If there is one thing I love most about my work, it’s when I enrol on a wine trip. This is partly because there is a sense of freedom and adventure - but most importantly because it opens your mind and gives you the best understanding of the terroir you are visiting and the philosophies of the winemakers you are meeting. This time I was about to learn from a country envied throughout the wine world for its lack of vine pests, its reliably warm, dry summers, and an infinite supply of water from the melted snow of the Andes. Yes: I was heading for the winemaking paradise that is Chile!
The invitation came from Eduardo Chadwick, and thanks to his generosity I was boarding the 13 hour flight with my colleague David Thomas to explore new horizons.

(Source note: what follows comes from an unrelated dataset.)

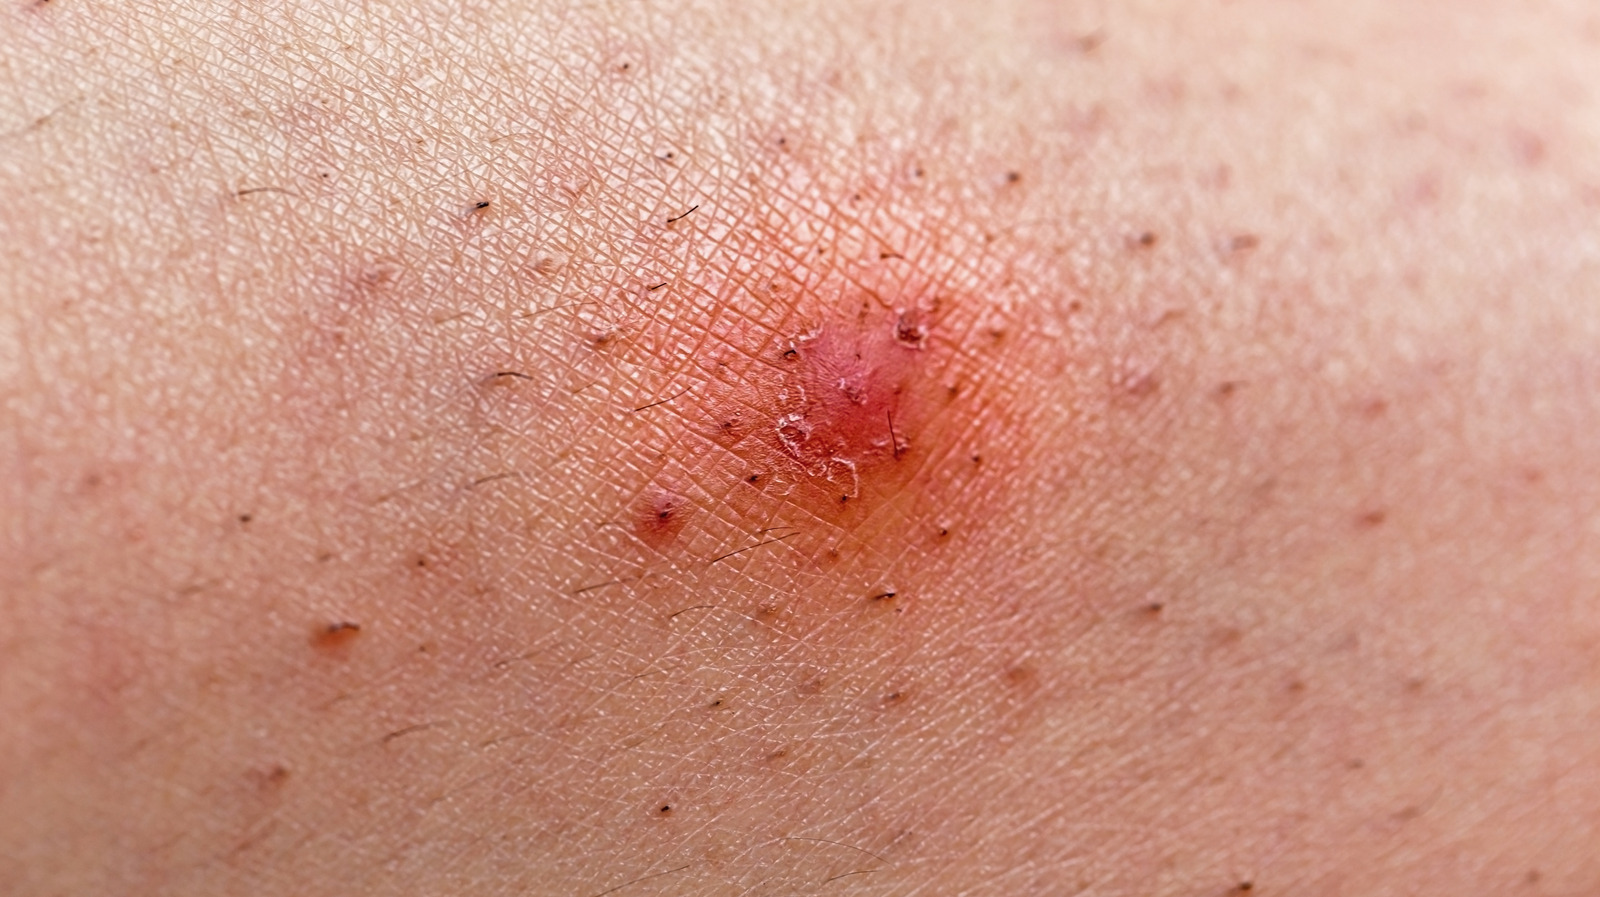 When To See Your Doctor About An Infected Ingrown Hair

After arrival at Santiago airport, we slowly (thanks to airport administration) made our way to Vina del Mar, a coastal town near Valparaiso where we would touch base for the start of our trip. It was at this beautiful hotel abutting the Pacific Ocean where we were welcomed by Eduardo and his team. After a quick lunch, during which we faced, and admired, the sheer brute force of the Pacific, it was time for our first visit – to the Vina Errazuriz owned Las Pizarras. Acquired in 2005 and located only 12 kilometres away north east of Vina del Mar in the Aconcagua Costa appellation, the western part of the Aconcagua Valley (named after the highest mountain outside the Himalayas), Las Pizarras is considered one of the most exciting finds in Chile and we were about to find out why.
Tasting at Las Pizarras
There the scenery is formed of beautiful green rolling hills and as we entered the Aconcagua estate we could already see why and how the differences of micro-climates, soil types, and multiple exposures makes this a perfect place for single vineyard expression. The cool breeze driven by the Pacific’s icy Humboldt current was quite noticeable and, with the exact same effect as it has thousands of miles further north up the coast in coastal California, has the effect of helping grapes maintain enough fresh acidity to make very precise wines. It wasn’t just the wines that were spectacular, as the tasting spot afforded us a full 360-degree view on the surrounding vineyards. After trying the estate Sauvignon Blanc, Chardonnay, Pinot Noir and Syrah (which I thought was particularly delicious with real purity and vibrancy) we moved on to the two main wines of Las Pizarras (meaning slate in Spanish), their Chardonnay and Pinot Noir. These are quite exceptional - extremely elegant, fine, mineral wines very reminiscent of Grand Cru Burgundy. Years of mapping in collaboration with French oenologist Francoise Vannier-Petite and other Burgundy specialists certainly helped in identifying the best plots, in particular those formed of schist, volcanic rock, basalt and andesite. These wines really show what can be done when detailed, terroir-driven work combines with minimal intervention in the cellar. Day 1 was off the charts and the thought of going to Vina Sena the following morning helped going through the disappointment of leaving such a special place.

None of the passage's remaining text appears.